ROZMOWA z Sebastianem Zaporą, nowym bramkarzem Azotów Puławy
- Prezes Jerzy Witaszek przedstawił mi bardzo atrakcyjną propozycję. W perspektywie czeka mnie i Azoty walka o medale mistrzostw Polski, rywalizacja w europejskich pucharach. Drużyna z Puław ma ciekawy, a co najważniejsze młody skład, który dobrze rokuje. Wielu zawodników znam z rywalizacji na parkietach superligi. I najważniejsze: jest też nowy trener Bośniak Dragan Marković. Wśród ofert miałem propozycje z klubów I ligi, a także od mistrza Luksemburga. Wybrałem Puławy i mam nadzieję, że z tej decyzji będę bardzo zadowolony.
• Nie ma pan doświadczeń w pracy ze szkoleniowcami spoza naszego kraju. W Puławach z osobą trenera Markovicia wiążą duże nadzieje…
- Z pewnością jest to bardzo doświadczony szkoleniowiec. Prowadzi reprezentację Bośni i Hercegowiny, z którą, po wyeliminowaniu Islandii, awansował na przyszłoroczne mistrzostwa świata. Jestem bardzo ciekawy, jak będzie wyglądała współpraca z trenerem z Bałkanów. Wszyscy wiemy, na jakim poziomie jest piłka ręczna w tamtym rejonie. Na pewno nie będziemy narzekali na brak nowinek ze światowego handballu. Wszyscy liczymy, że pod opieką trenera Markovicia będziemy dobrze grali i odnosili sukcesy w kraju, jak też w Europie.

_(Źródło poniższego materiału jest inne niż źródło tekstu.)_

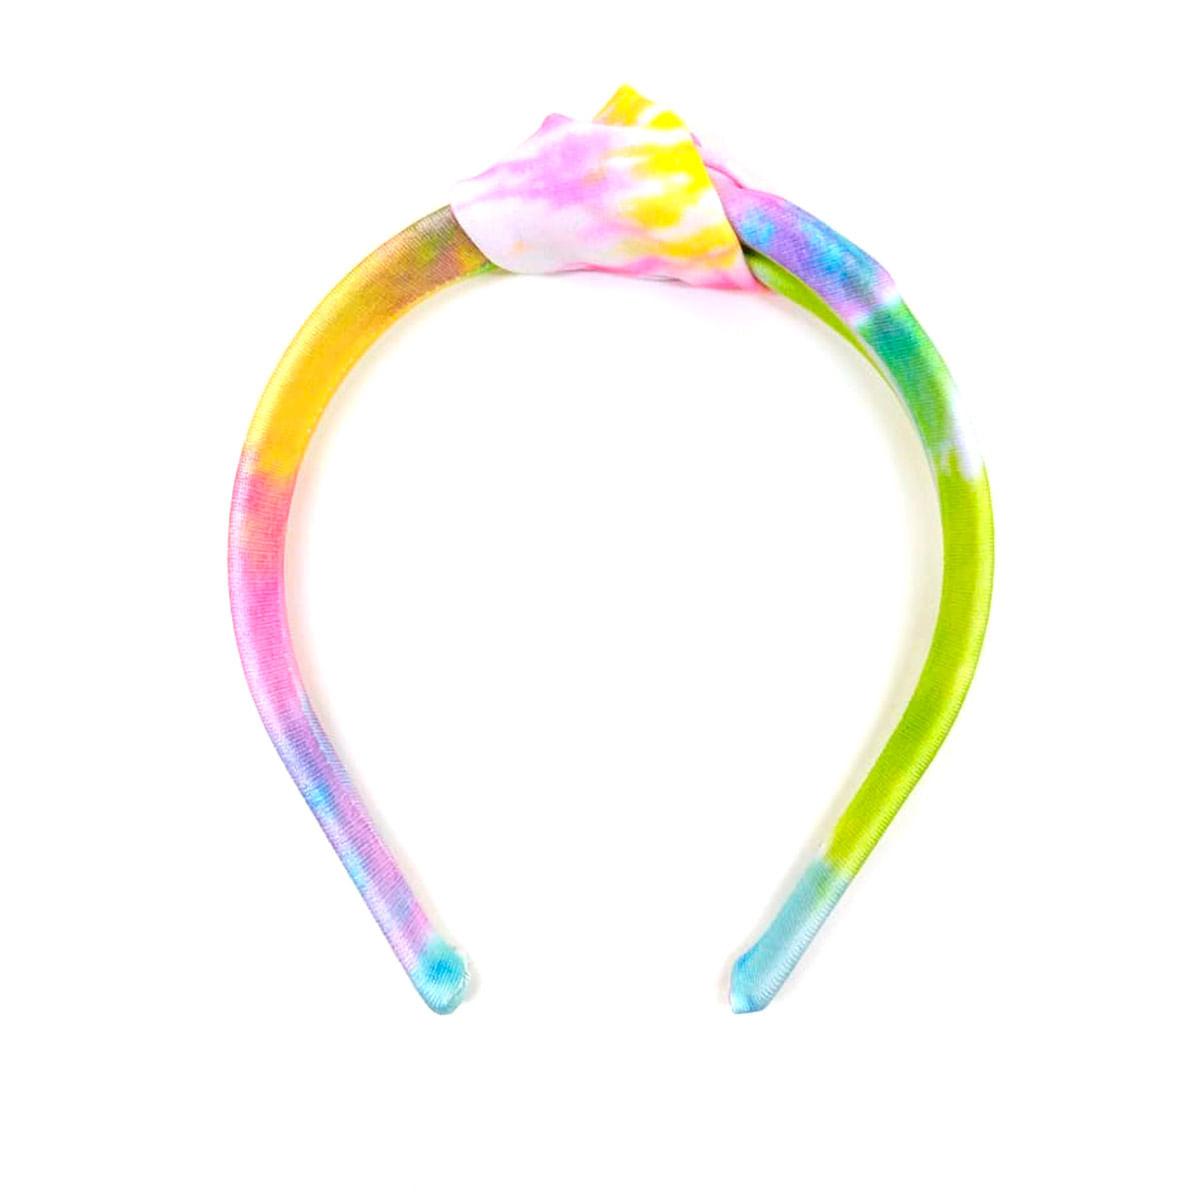 Tiara-Infantil-Lycra-Tie-Dye-Nozinho-Ludique-et-Badin-9035--VER21-

• Między słupkami przyjdzie panu rywalizować z reprezentantami Rosji: Vadimem Bogdanowem i Litwy Viliusem Rasimasem. Niewykluczone, że nadal w kadrze Azotów będzie też Maciej Stęczniewski. Czeka pana trudne zadanie?
- Jestem świadomy i przygotowany na podjęcie tego wyzwania. Przychodzi nowy trener, więc wszyscy zaczynamy od zera. Swoją ciężką pracą i zaangażowaniem będę chciał przekonać do siebie szkoleniowca i wywalczyć miejsce w kadrze Azotów. Wszystko jest zatem w moich rękach i nogach.
• W oczach puławskich kibiców już pan zapunktował. Fani doskonale pamiętają dobre występy chociażby z Chrobrym Głogów, czy KPR Legionowo, którymi sprawiał pan ogromne problemy zawodnikom z Puław. Wielokrotnie, o czym poniekąd mówi także pańskie nazwisko, był pan zaporą nie do przejścia?
- Zarówno z Chrobrym, jak też z Legionowem przyjeżdżaliśmy do Azotów, aby wywieźć jak najkorzystniejszy rezultat. Różnie z tym bywało. Pracowałem dla innego klubu i swój fach starałem się wykonywać najlepiej, jak umiałem. Teraz jestem już w Azotach i chciałbym popisywać się dobrą grą dla nowego pracodawcy.